> EXERCISE OBJECTIVE
Find the line containing "30 Wonderful Diy" in the material below, then please transcribe it and each line after it exactly, without the pictures.

[GIVEN DATA Boundary: Start]

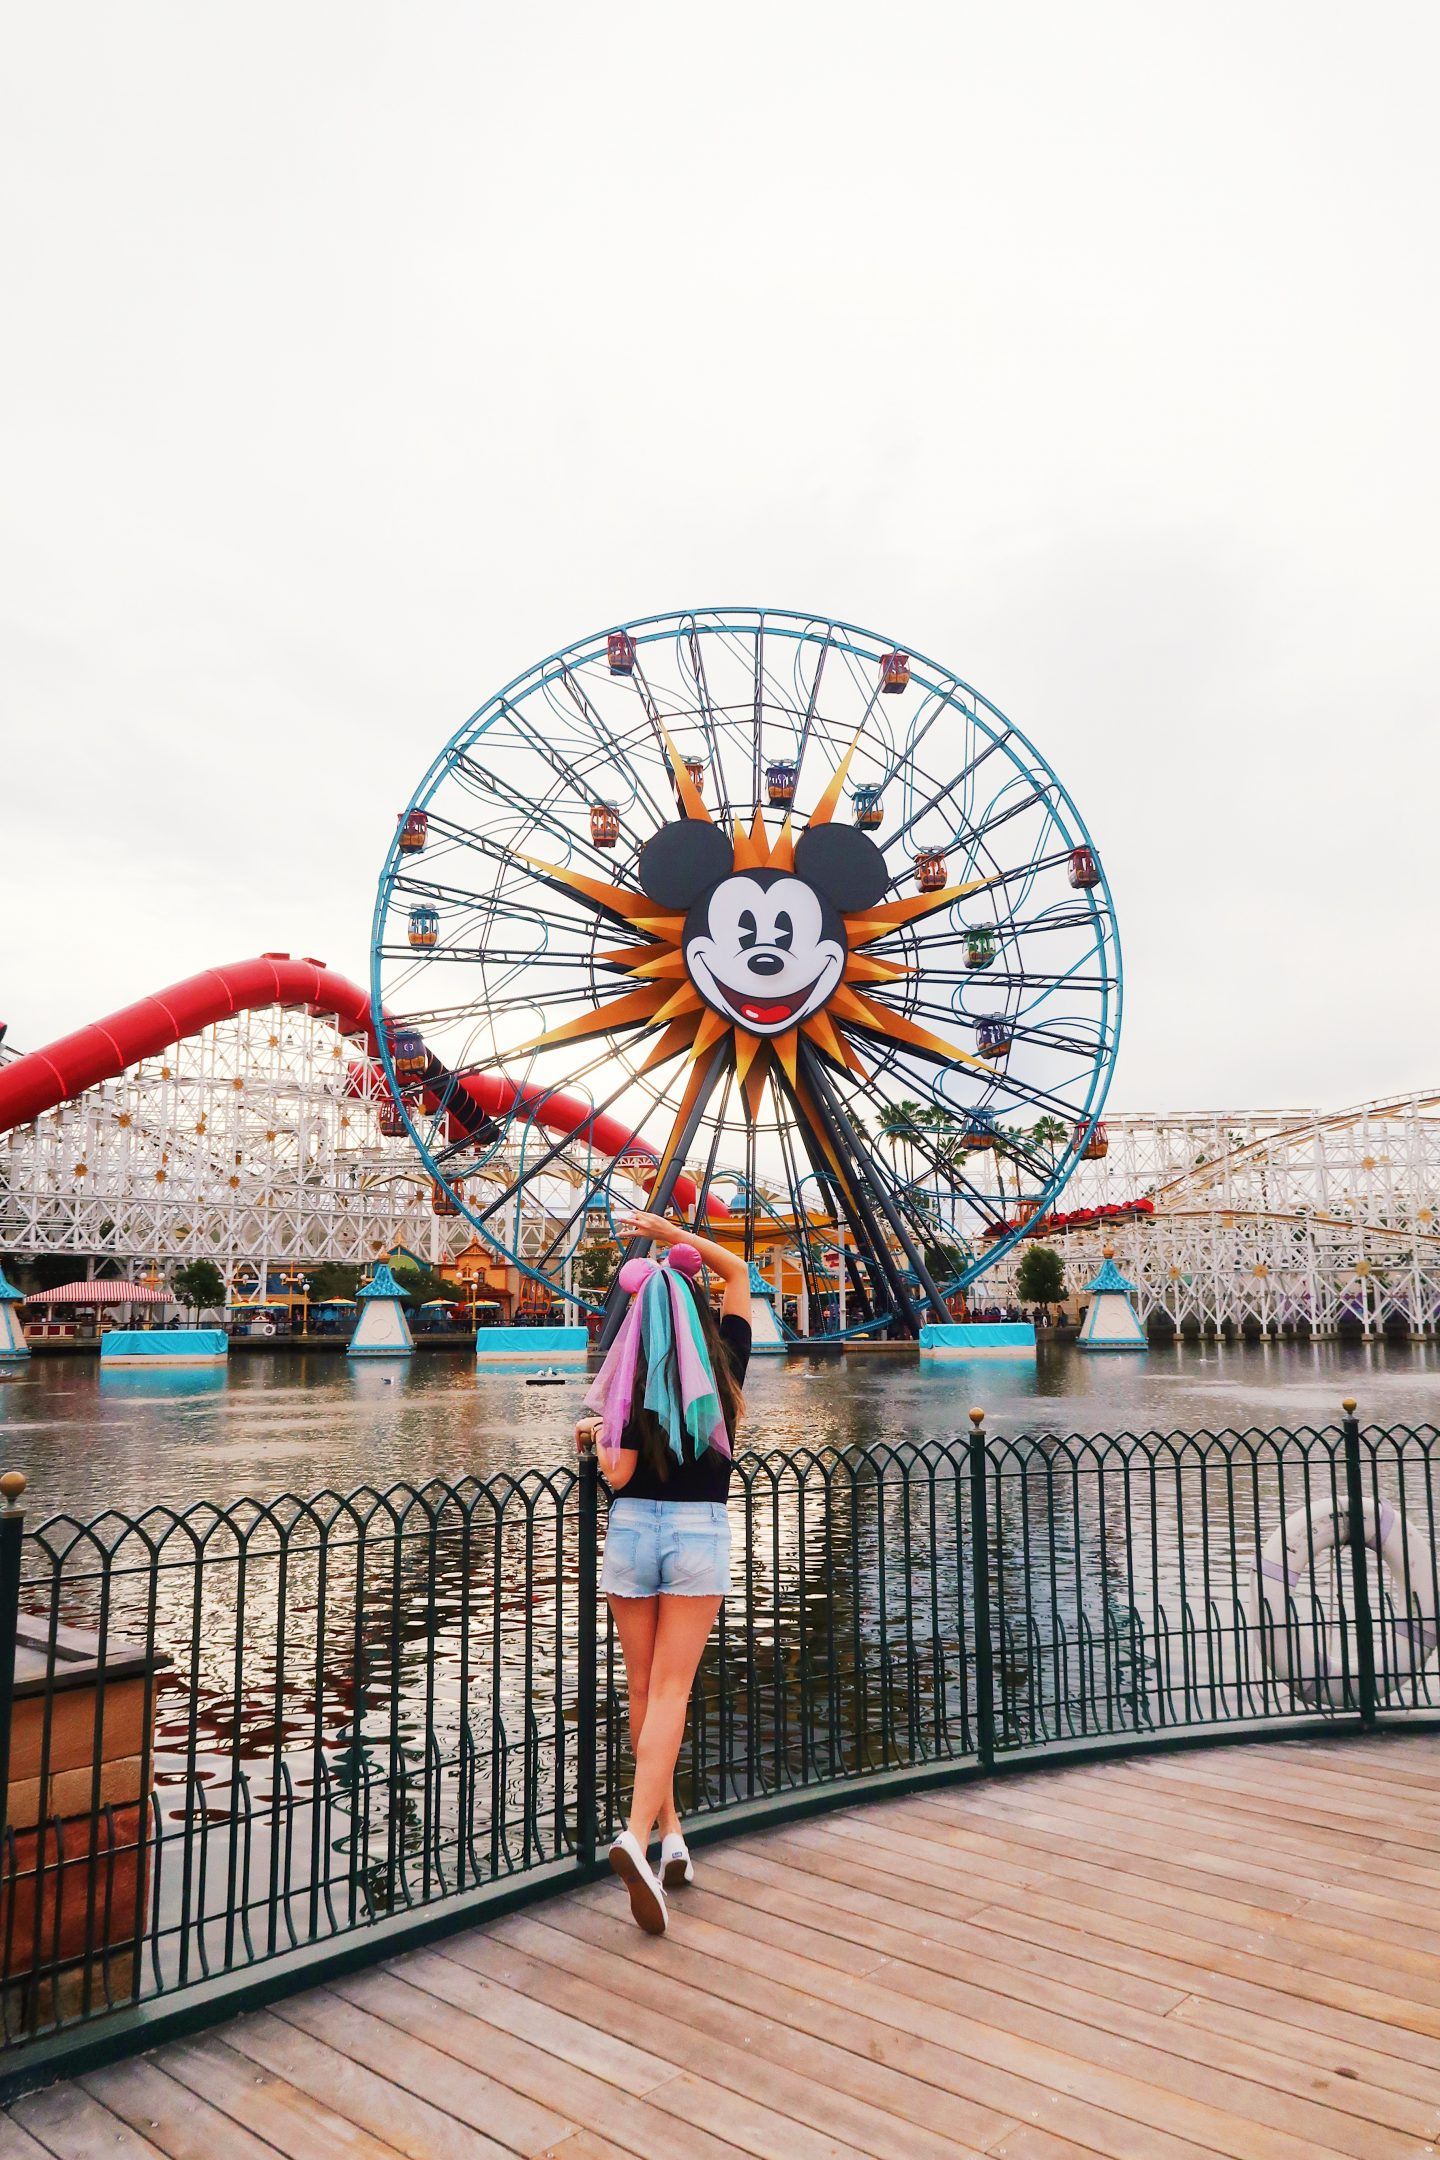 View of the Disneyland Pier in Los Angeles
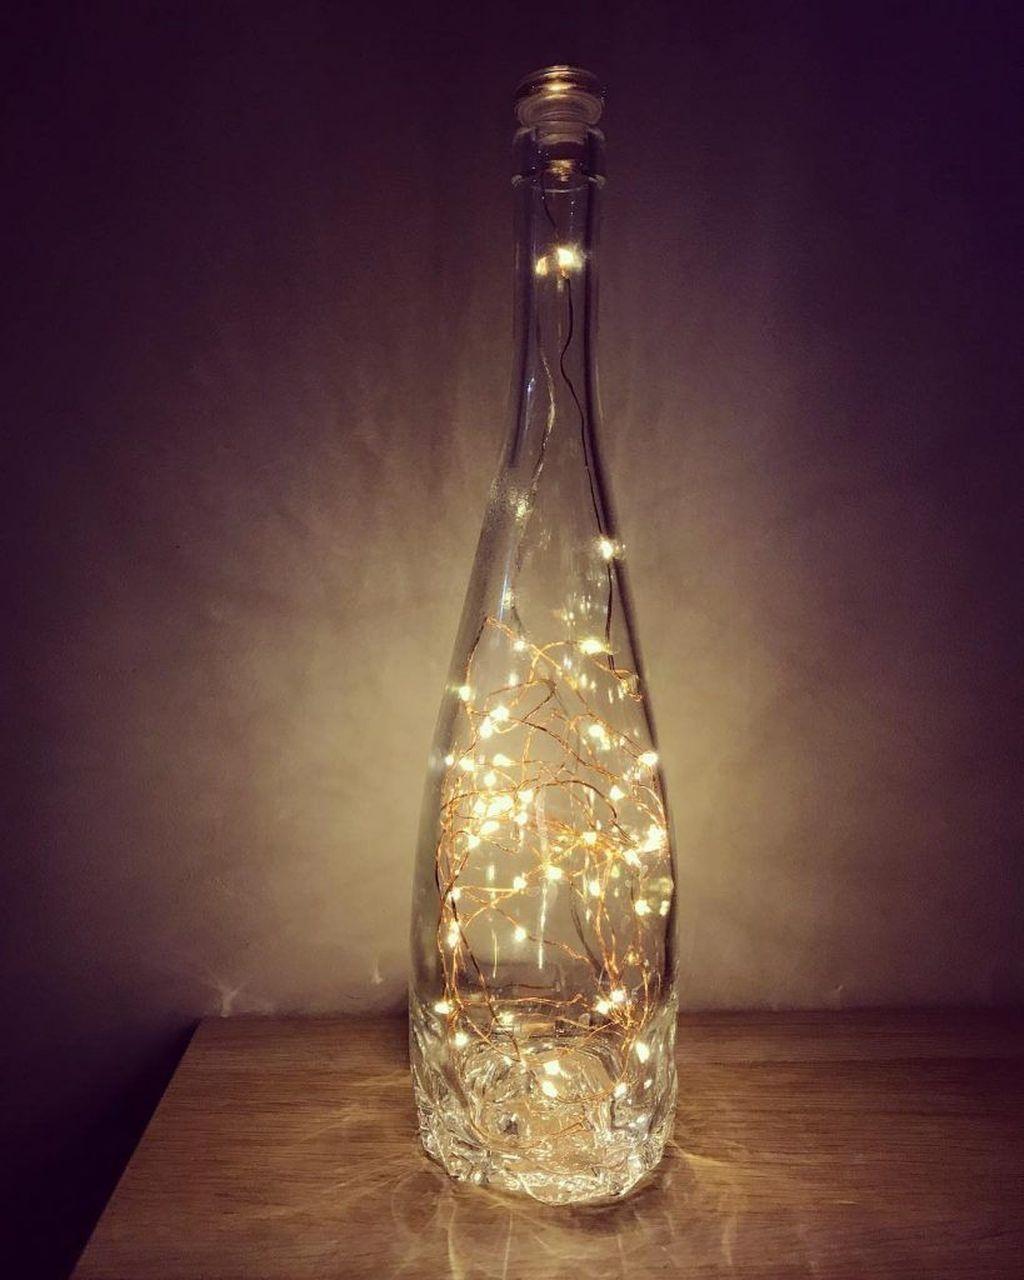 30 Wonderful Diy Bottle Lamp Design Ideas You Must Know Diy Bottle Lamp Wine Bottle Diy Wine Bottle Diy Crafts
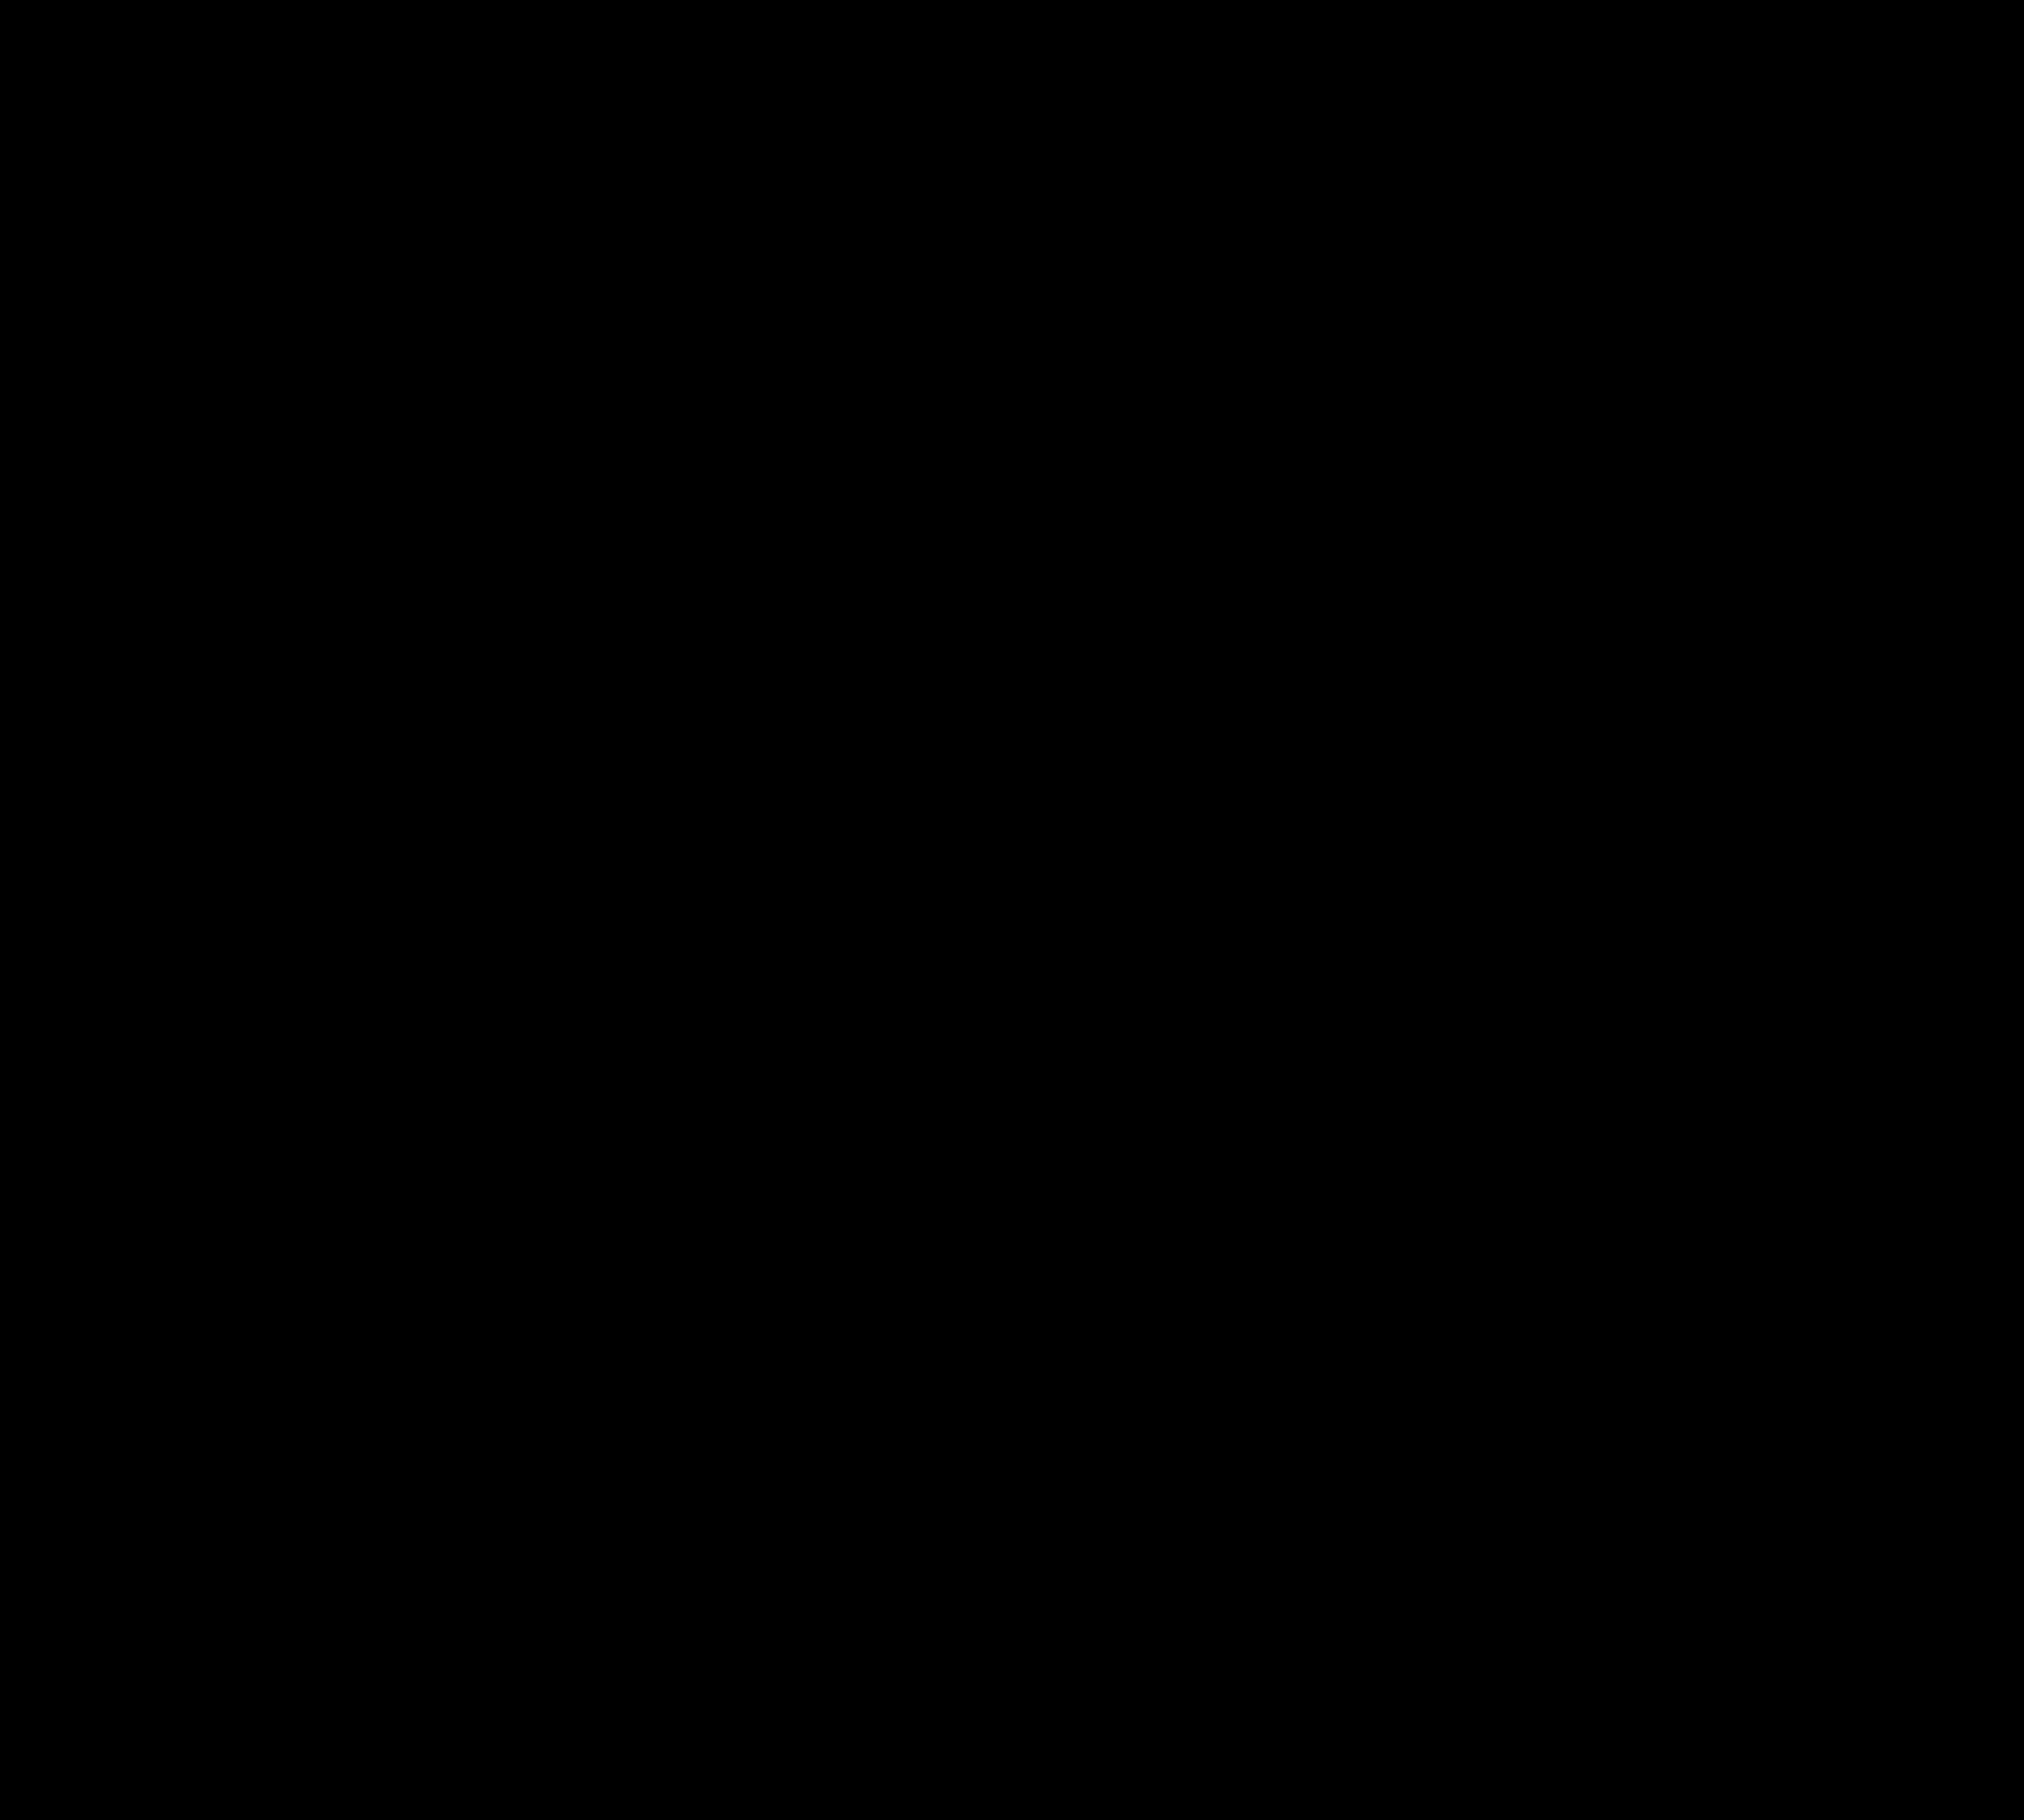 Japanese kanji transparent clipart.

[GIVEN DATA Boundary: End]

> OUTPUT
 30 Wonderful Diy Bottle Lamp Design Ideas You Must Know Diy Bottle Lamp Wine Bottle Diy Wine Bottle Diy Crafts
 Japanese kanji transparent clipart.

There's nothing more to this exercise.